L’État a l’obligation préalable d’aider l’employé et de tenter un reclassement, avant de prononcer la résiliation des rapports de service : il s’agit tout d’abord de proposer des mesures dont l’objectif est d’aider l’intéressé à retrouver ou maintenir son « employabilité », soit sa capacité à conserver ou obtenir un emploi, dans sa fonction ou dans une autre fonction, à son niveau hiérarchique ou à un autre niveau. Avant qu’une résiliation ne puisse intervenir, différentes mesures peuvent être envisagées et prendre de multiples formes, comme le certificat de travail intermédiaire, un bilan de compétences, un stage d’évaluation, des conseils en orientation, des mesures de formation et d’évolution professionnelles, un accompagnement personnalisé, voire un « outplacement ». Il s’agit ensuite de rechercher si une solution alternative de reclassement au sein de l’établissement peut être trouvée (ATA/530/2024 du précité consid. 6.3).
8.3 En l’espèce, l’intimé a ouvert une procédure de reclassement qui n’a pas abouti.
Elle a transmis à plusieurs reprises à la recourante la liste et le bulletin des places vacantes de l’État de Genève, sans toutefois que celle-ci se porte candidate à aucun poste malgré son devoir de collaboration.
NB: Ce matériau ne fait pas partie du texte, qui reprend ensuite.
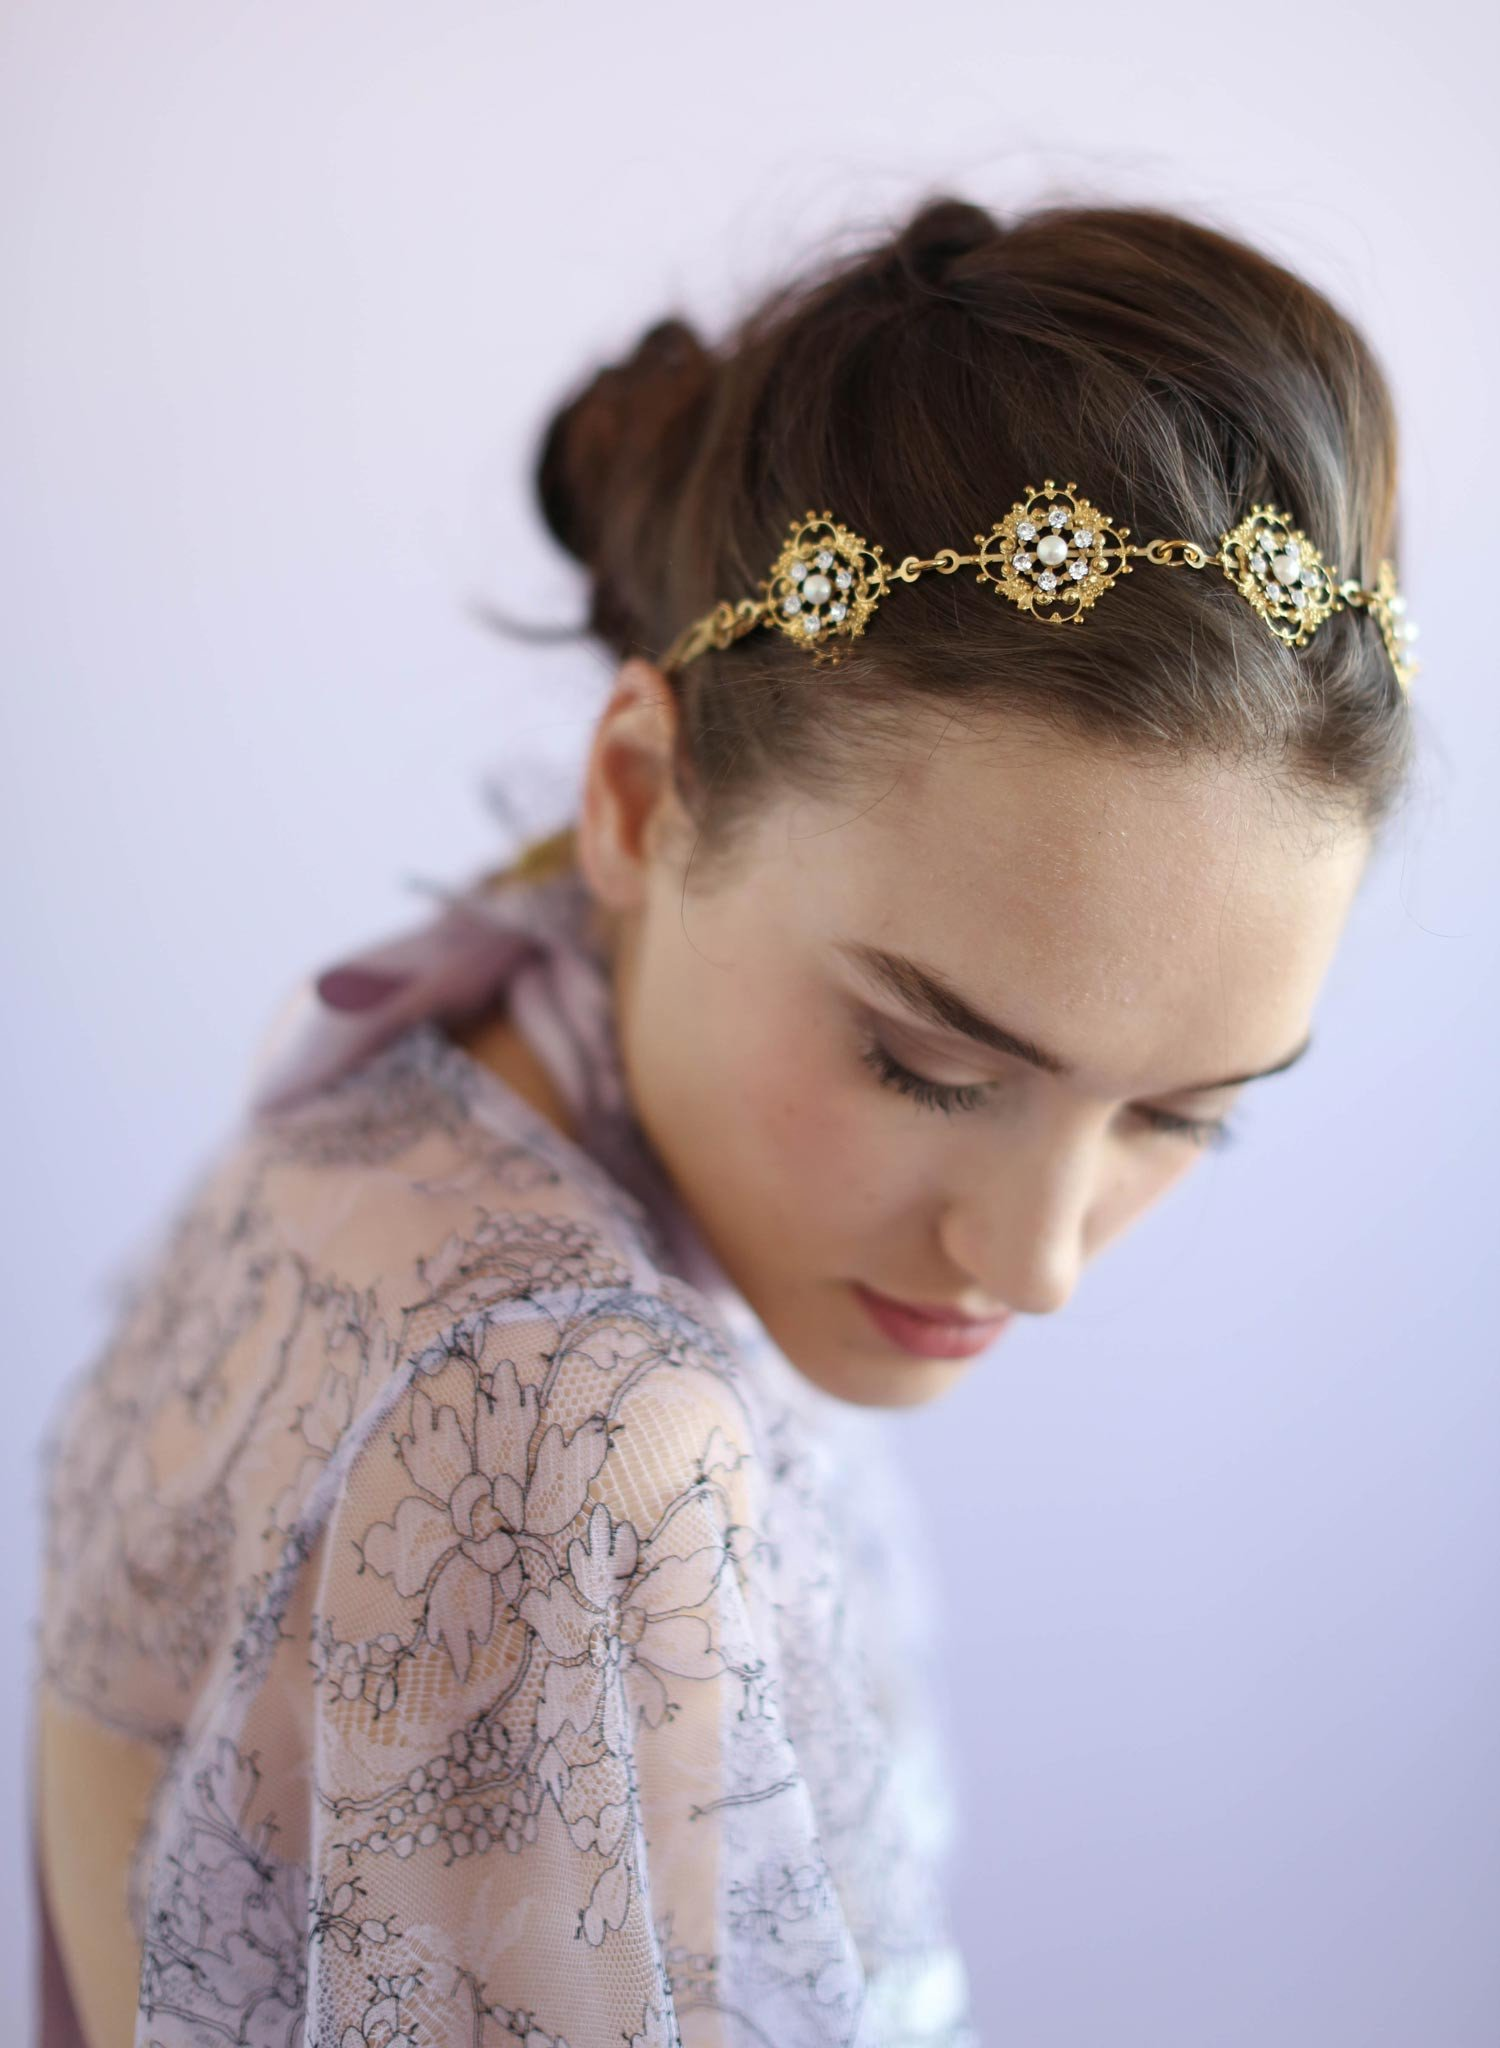 641-Victorian-inspired-decadent-headband11_MAIN.jpg

Il a également demandé à la direction des différents départements si un poste correspondant au profil de la recourante était libre ou devait se libérer dans un avenir proche au sein de leur département mais n’a reçu que des réponses négatives. Ainsi, et dans la mesure où l’État n’a pas une obligation de résultat, la procédure de reclassement a été menée de manière conforme au droit.
Partant, l’intimé n’a pas abusé de son pouvoir d’appréciation en résiliant les rapports de service de la recourante.
9. La recourante se plaint de l’illégalité de la réduction de son droit aux congés pour 2025.
9.1 Selon l’art. 27 RPAC, les membres du personnel âgés de plus de 20 ans révolus mais de moins de 60 ans ont droit à une période de vacances annuelles de cinq semaines (al. 1 let. a). Les membres du personnel ont droit à des vacances annuelles proportionnelles à leur taux d’activité (al. 5).
L’art. 28 RPAC prévoit que les absences non justifiées sont déduites des vacances (al. 1). En cas d’absence pour cause de service militaire, de service civil, de maladie ou d’accident non professionnel, le droit aux vacances annuelles est réduit proportionnellement après cinq mois d’absence. Il s’éteint après une année d’absence (al. 2).
9.2 En l’espèce, la recourante a produit un certificat médical établi le 12 mars 2024 par sa médecin-traitant à teneur duquel elle disposait d’une capacité de travail à hauteur de 70%, mais exclusivement en télétravail. Comme cela a été exposé, le contenu de ce certificat médical n’est pas contesté. Ainsi, depuis le 12 mars 2024, la recourante était à tout le moins en incapacité de travail pour cause de maladie à un taux de 30% et ne saurait prétendre que ledit certificat, qu’elle a elle-même produit, n’atteste pas une incapacité de travail partielle.
Son taux contractuel étant de 80%, elle devait effectuer quatre jours de travail par semaine, soit 32 heures par semaine. Sa médecin-traitant a attesté qu’elle était apte à travailler – en télétravail uniquement – 28 heures par semaine (70% d’un 100%). Un simple calcul permet donc de retenir qu’elle était apte à travailler – en télétravail uniquement – à 87.5% (28/32 X 100). Il en résulte une incapacité de travail à 12.5%.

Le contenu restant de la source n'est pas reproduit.